▸ **Task instructions**:
Look through the entries below and copy exactly the part that begins with the line containing "Stamens, anthers and" and ends with the line containing "Pearl ring - Image 2 of 2". Do not copy the pictures.

▸ **Data for review**:
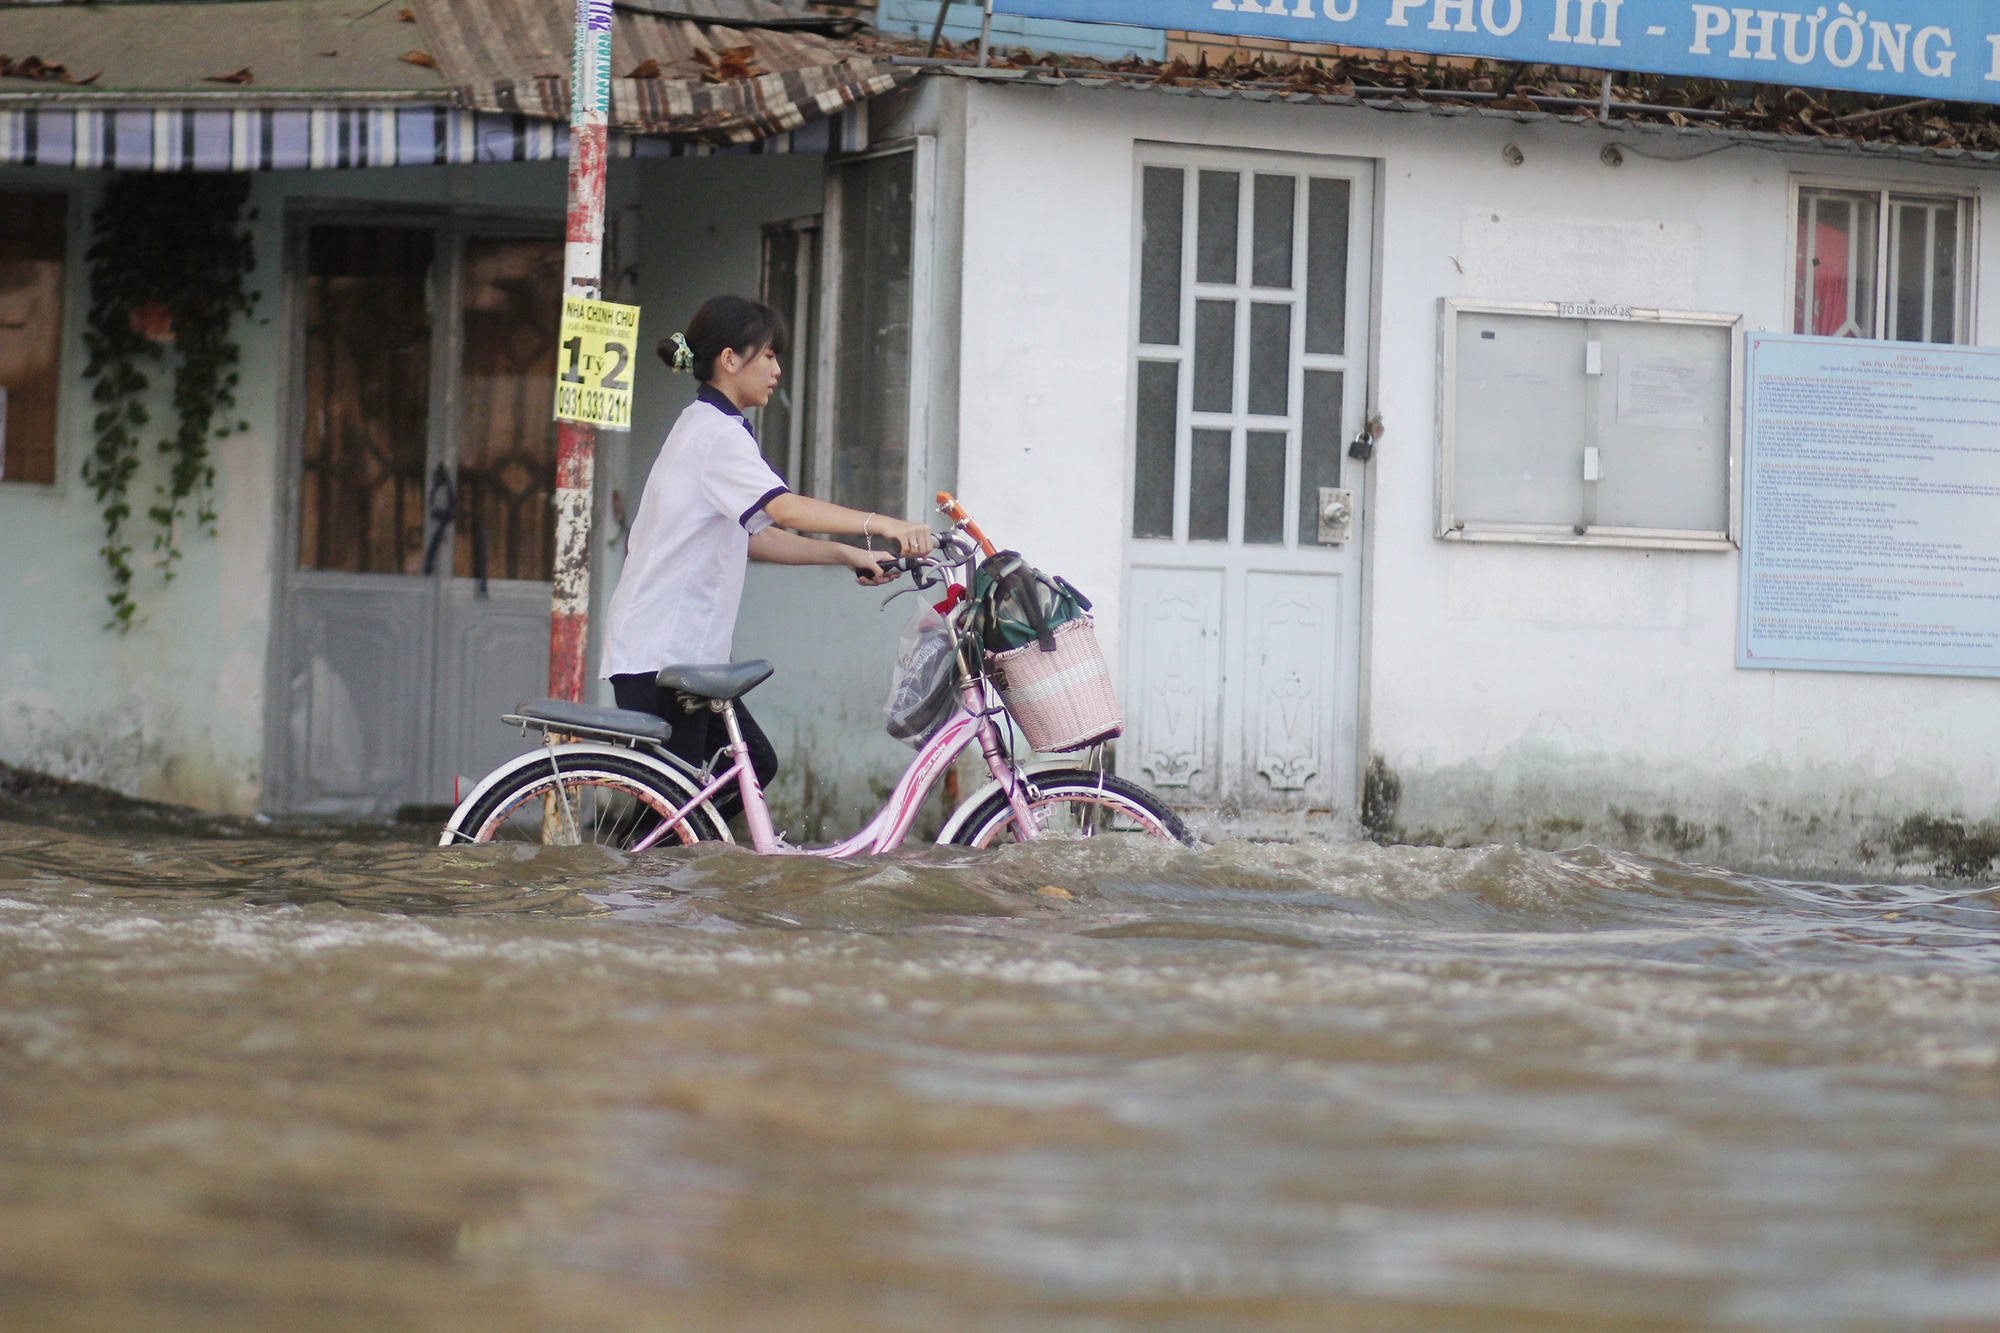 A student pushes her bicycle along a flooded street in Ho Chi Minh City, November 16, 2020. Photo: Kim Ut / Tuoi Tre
--
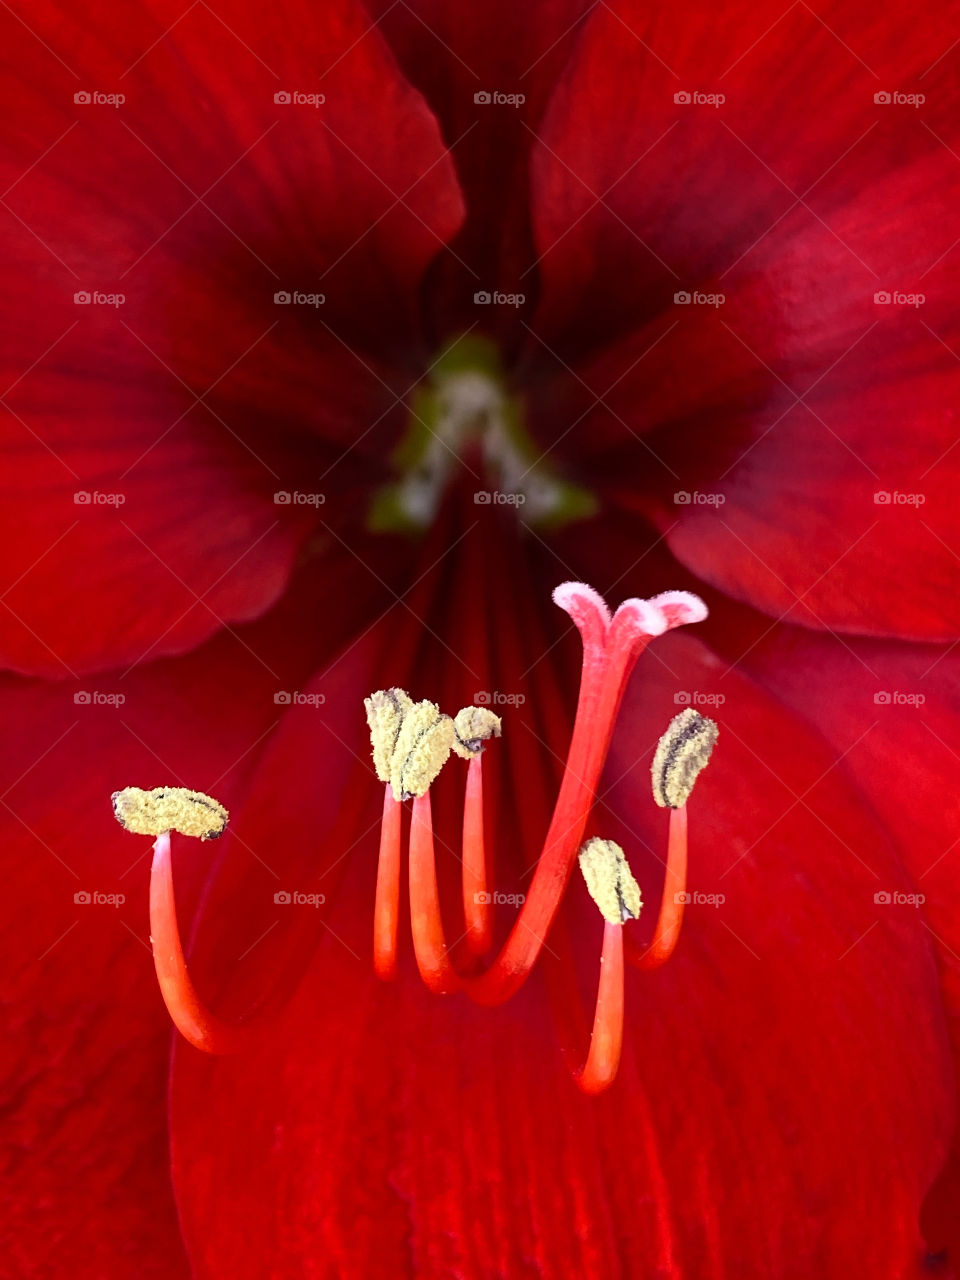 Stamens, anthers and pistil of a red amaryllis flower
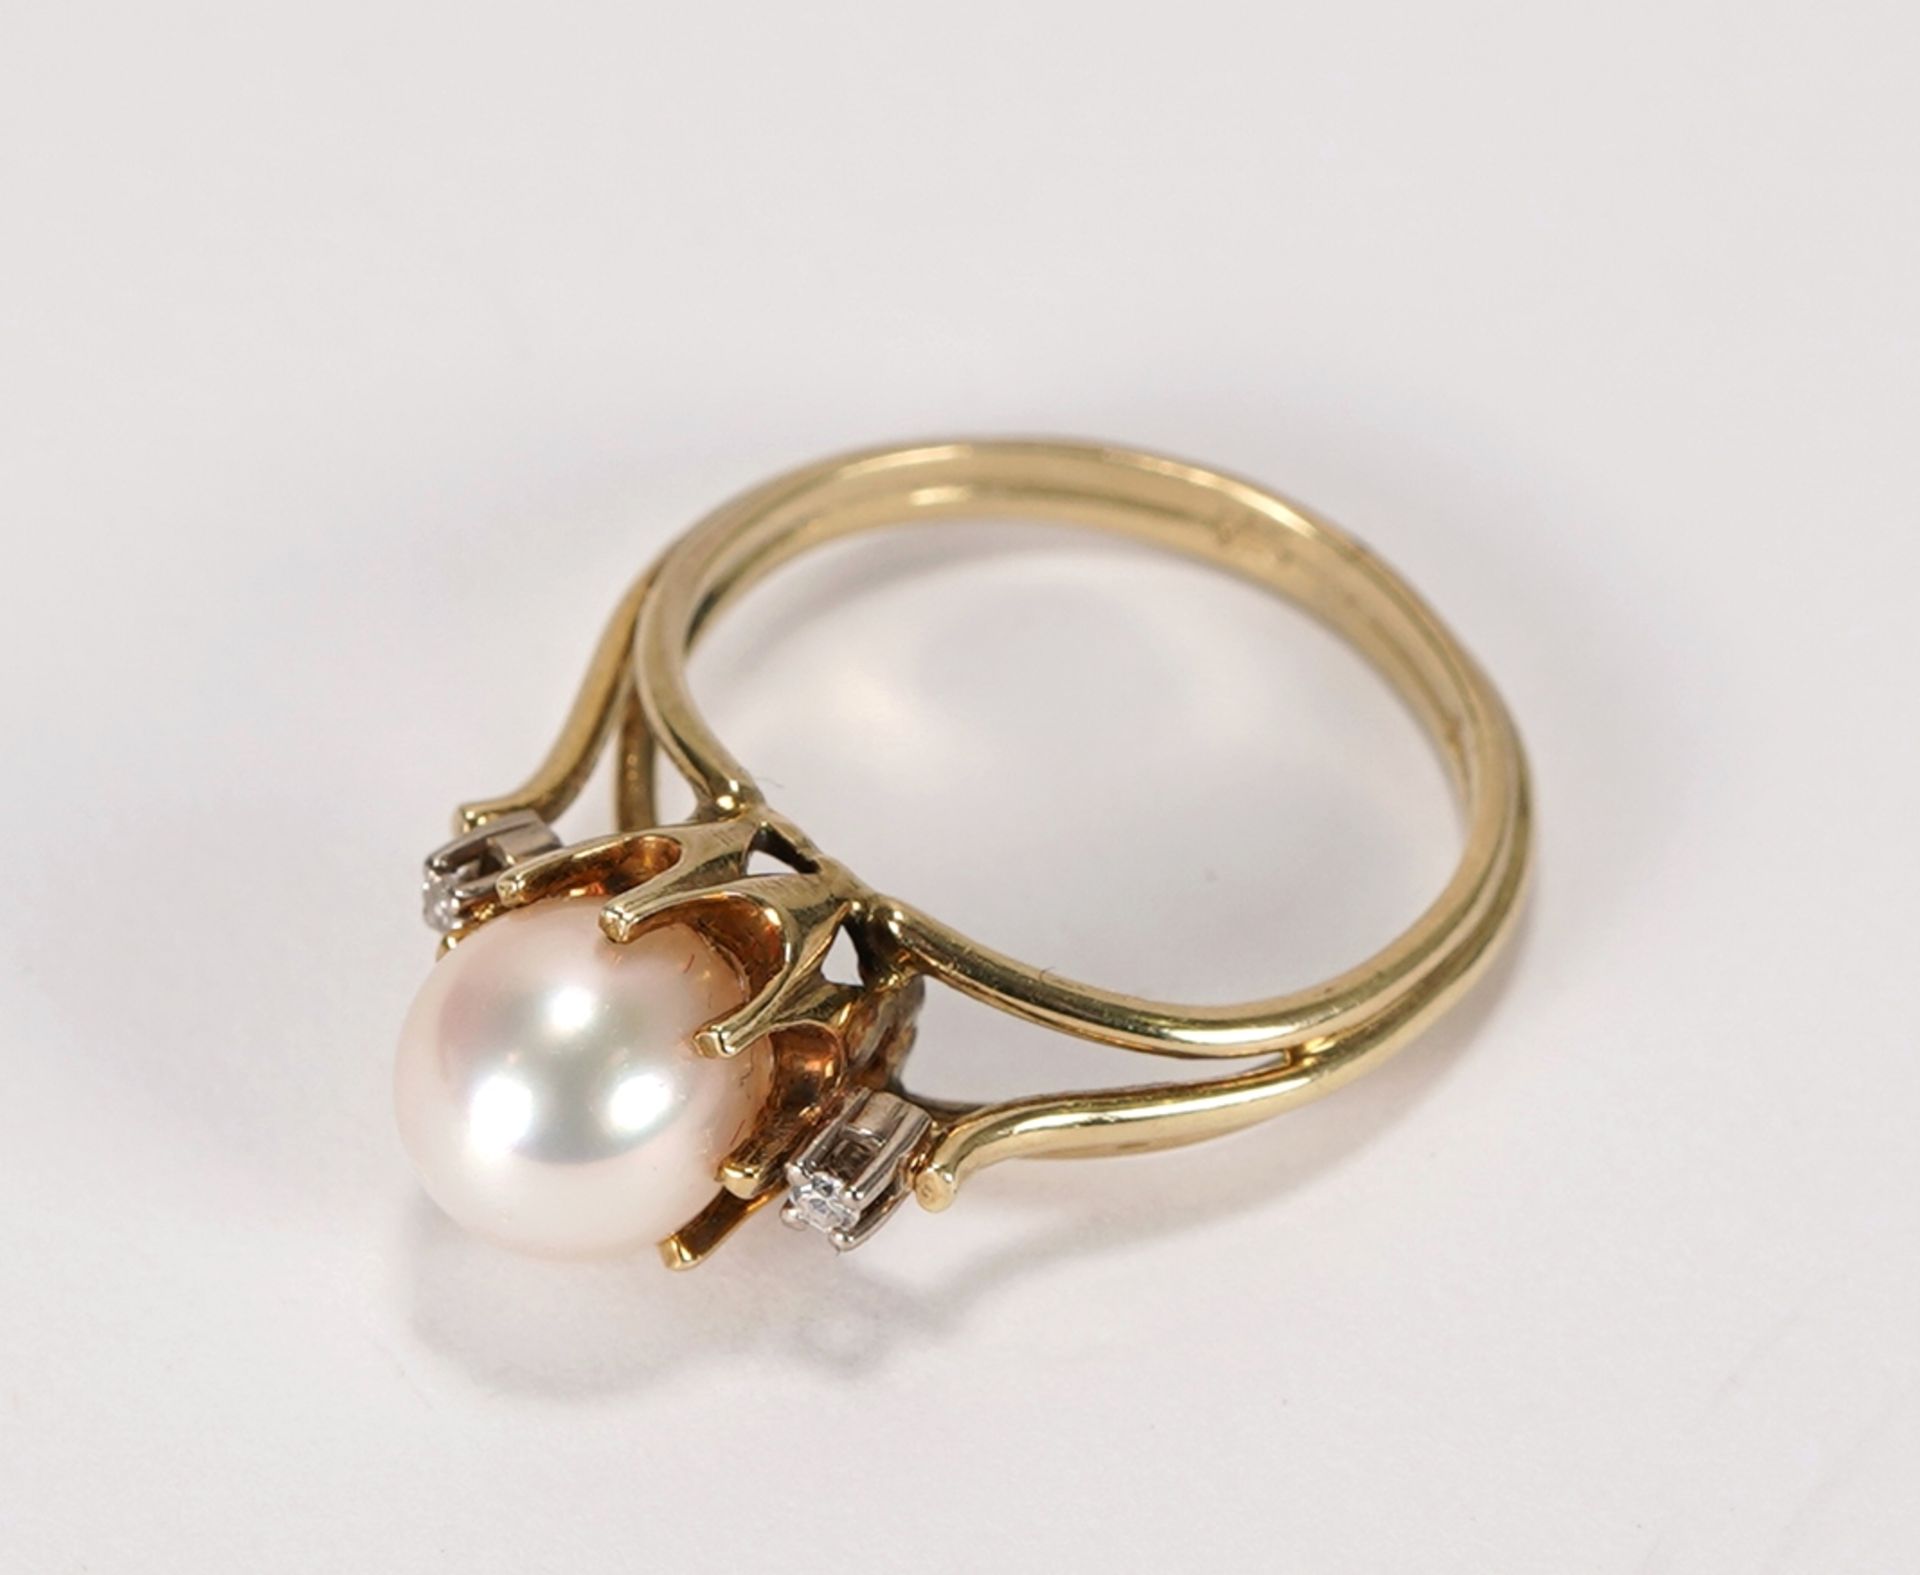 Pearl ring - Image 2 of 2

▸ **Solution**:
 Stamens, anthers and pistil of a red amaryllis flower
 Pearl ring - Image 2 of 2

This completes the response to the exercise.